Derivatization and GC-MS and GC-C-IRMS analyses.   Enrichments of glucose labeled with deuterium and ¹³C were measured by GC-MS and gas chromatography combustion isotope ratio mass spectrometry (GC-C-IRMS), respectively, using the pentaacetate derivative (1). A volume of 25 µl of each standard and deproteinized plasma samples (deproteinized with 100 µl of cold acetone) were aliquoted into 4-ml vials and taken to dryness under nitrogen at room temperature. Fifty microliters of acetic anhydride/pyridine (2:1) were added to each sample, after which the samples were heated to 60°C for 10 min or allowed to sit overnight at room temperature. The samples were then dried under nitrogen at room temperature, reconstituted in 50 µl of ethyl acetate, and transferred to autosampler vials. The derivatized standards and samples were analyzed by GC-MS (GC 6890, MS 5973N; Agilent Technologies, Wilmington, DE) with an RTX-1701 column (30 m x 0.25 mm ID x 0.5 µm film; Restek, Bellefonte, PA). The GC conditions were as follows: injector, 250°C (splitless injection); oven, initially 70°C for 1.0 min; and ramp, 30°C/min to 275°C for 7 min. The positive chemical ionization mode of GC-MS (source at 250°C, quadrupole at 106°C) used methane as the reagent gas. Deuterium enrichment in plasma water was measured by IRMS (Delta⁺XL IRMS Thermo Finnigan, Bremen, Germany) as an average of multiple measurements.

Determining the rate of gluconeogenesis requires the use of an additional glucose tracer (to measure glucose appearance rate), which could potentially interfere with the measurement of the deuterium enrichment of glucose. The most commonly used stable isotope glucose tracers to measure plasma glucose appearance rate are [1-¹³C]glucose and [6,6-²H₂]glucose. The [1-¹³C]glucose enrichment can be measured by GC-C-IRMS as previously described (6). This technique provides a measure of enrichment specifically reflecting the ¹³C tracer. Alternatively with the use of [6,6-²H₂]glucose, the M+2 enrichment is measured with either m/z 171/169 or m/z 333/331 in the positive chemical ionization mode during the same run used to measure deuterium labeling from ingested deuterated water or m/z 244/242 in the electron impact ionization mode of GC-MS (6, 15–19). The slopes of standard curves are always used to correct instrument deviations. We have evaluated whether these tracers would interfere with our approach for measuring gluconeogenesis using ²H₂O (see Potential interference of [1-¹³C]glucose or [6,6-²H₂]glucose during glucose appearance rate measurement). In the studies described here, we have used [6,6-²H₂]glucose for the measurement of glucose rate of appearance.

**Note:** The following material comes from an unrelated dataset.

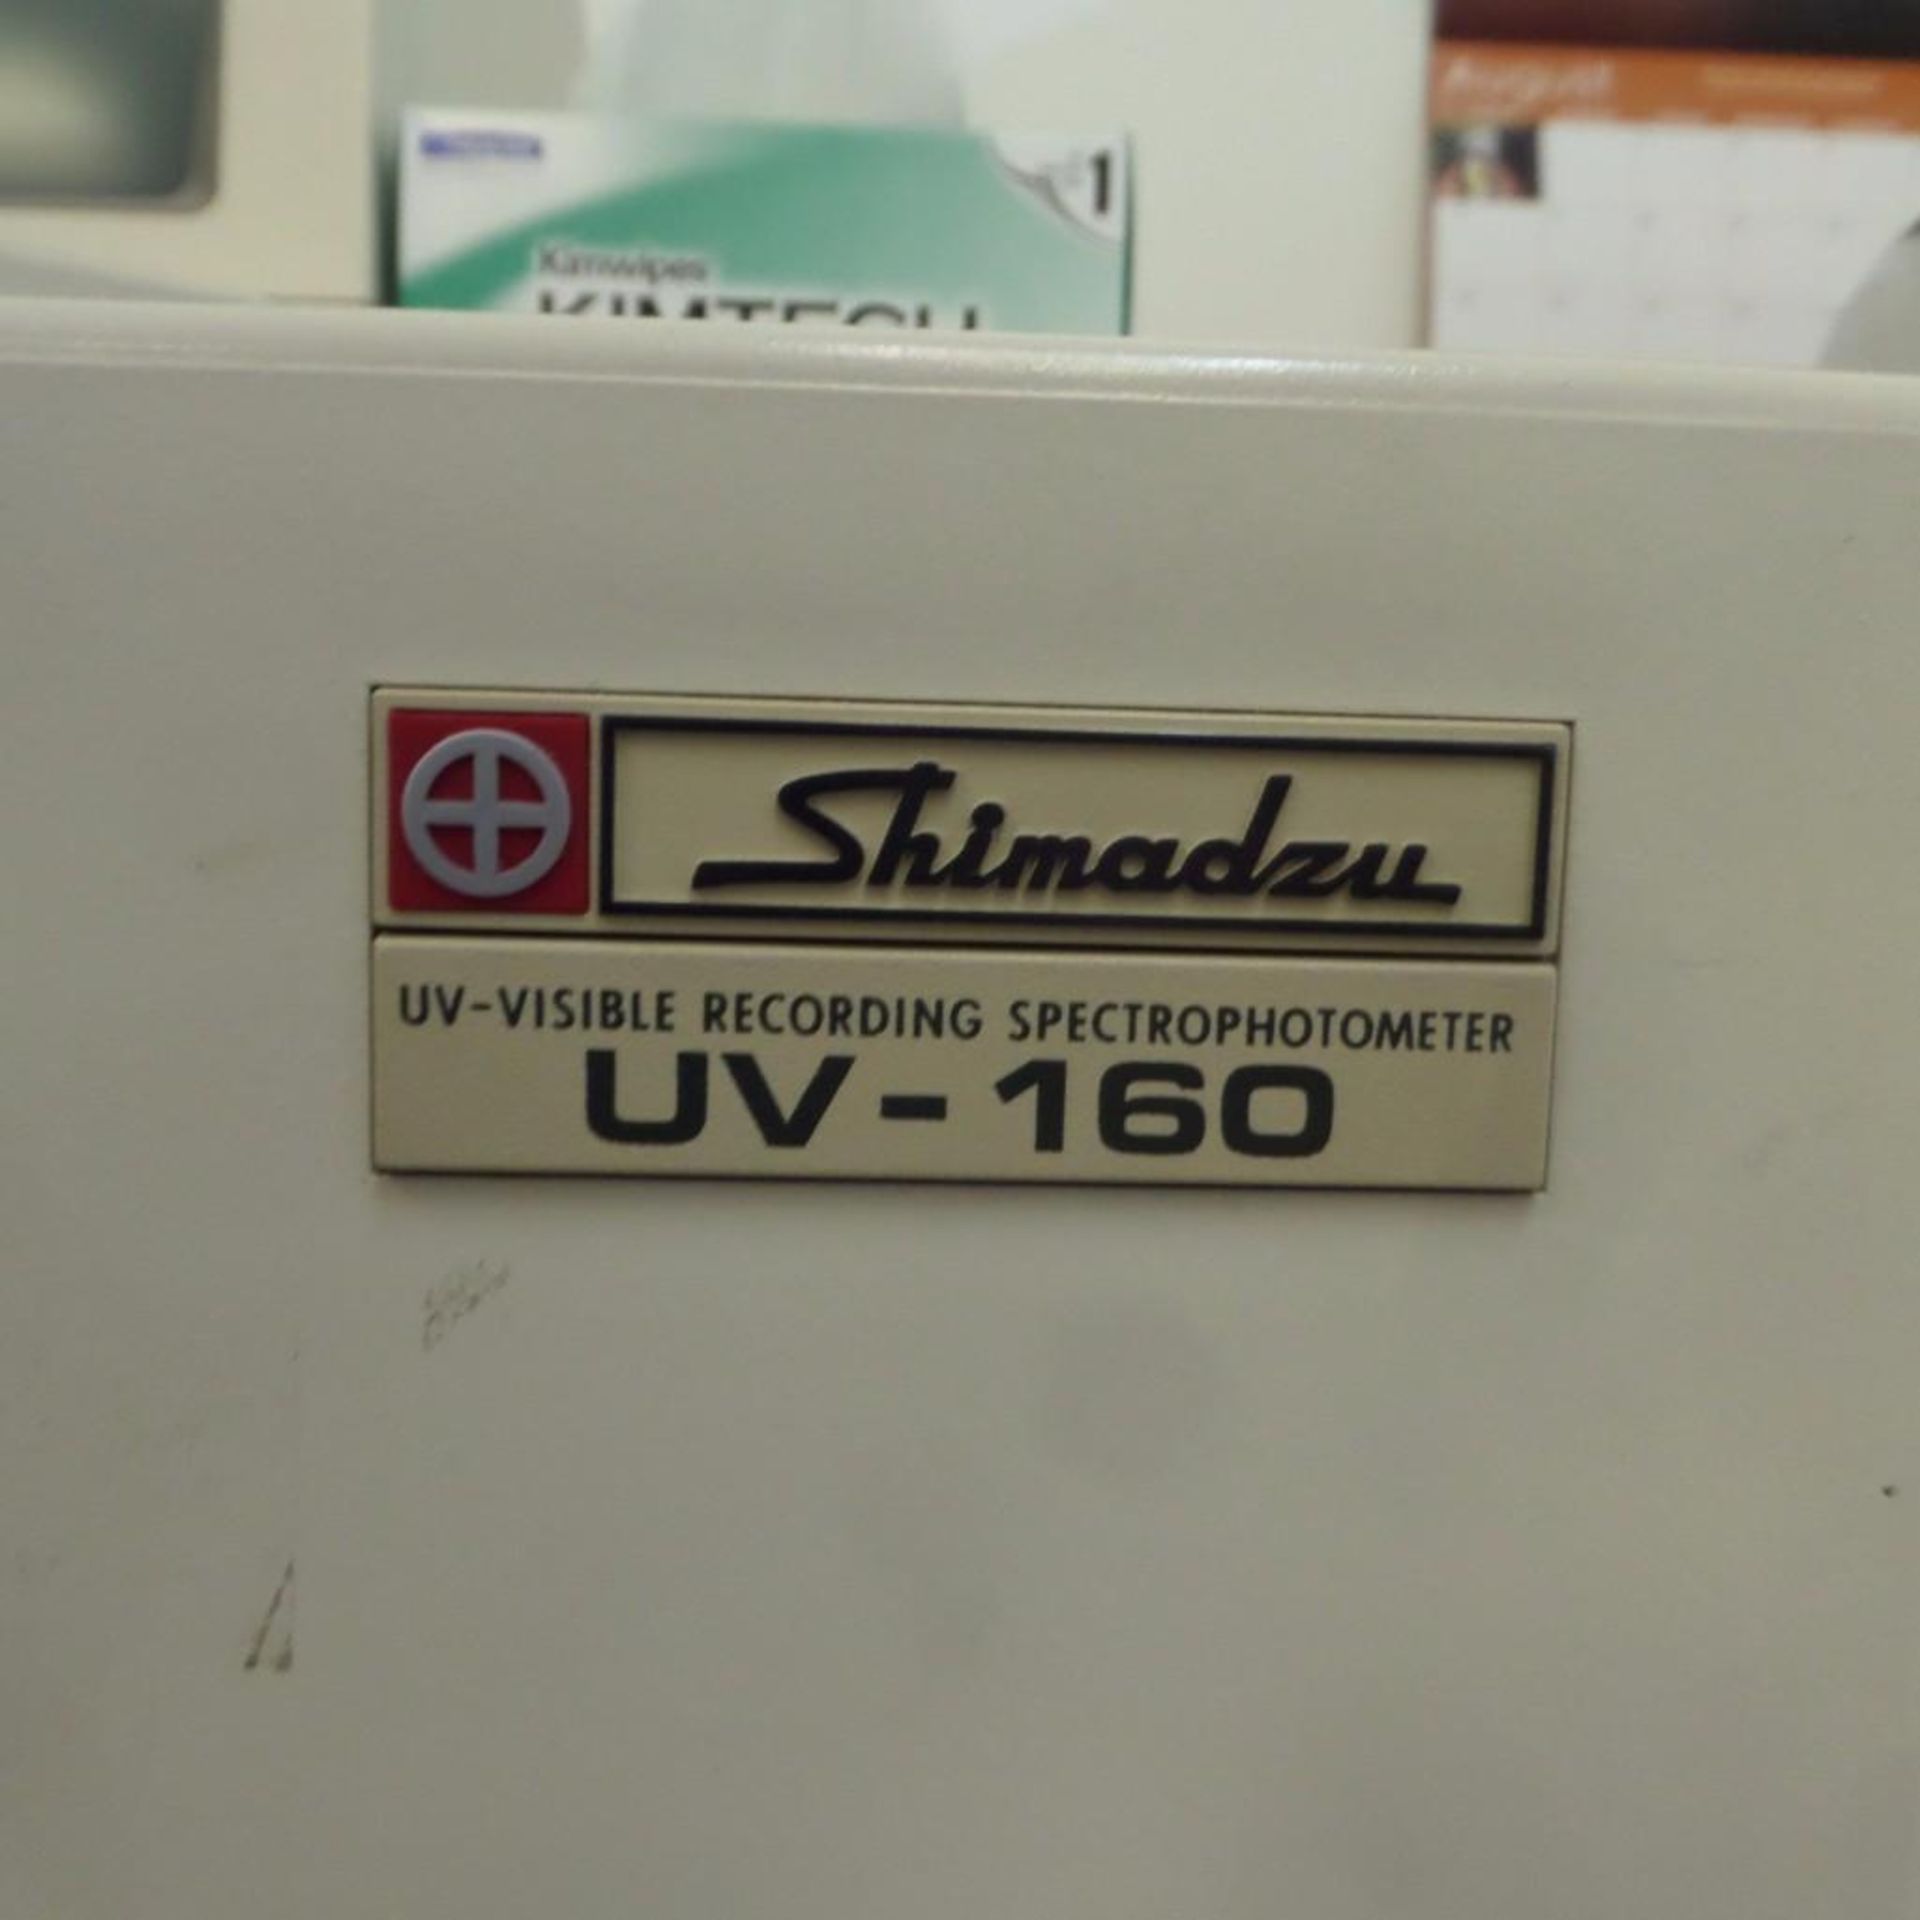 Shimazdu UV-160 - Image 2 of 3

The C-5 HMT method of Landau et al. (10), which was used for method comparison, involves HPLC purification of glucose from other plasma components, conversion of glucose to xylose, HPLC purification of xylose, distillation of formaldehyde, and subsequent derivatization to HMT. The resulting product (HMT) is then analyzed by GC-MS using the fragment m/z 141/140 to measure deuterium incorporation at C-5 of glucose.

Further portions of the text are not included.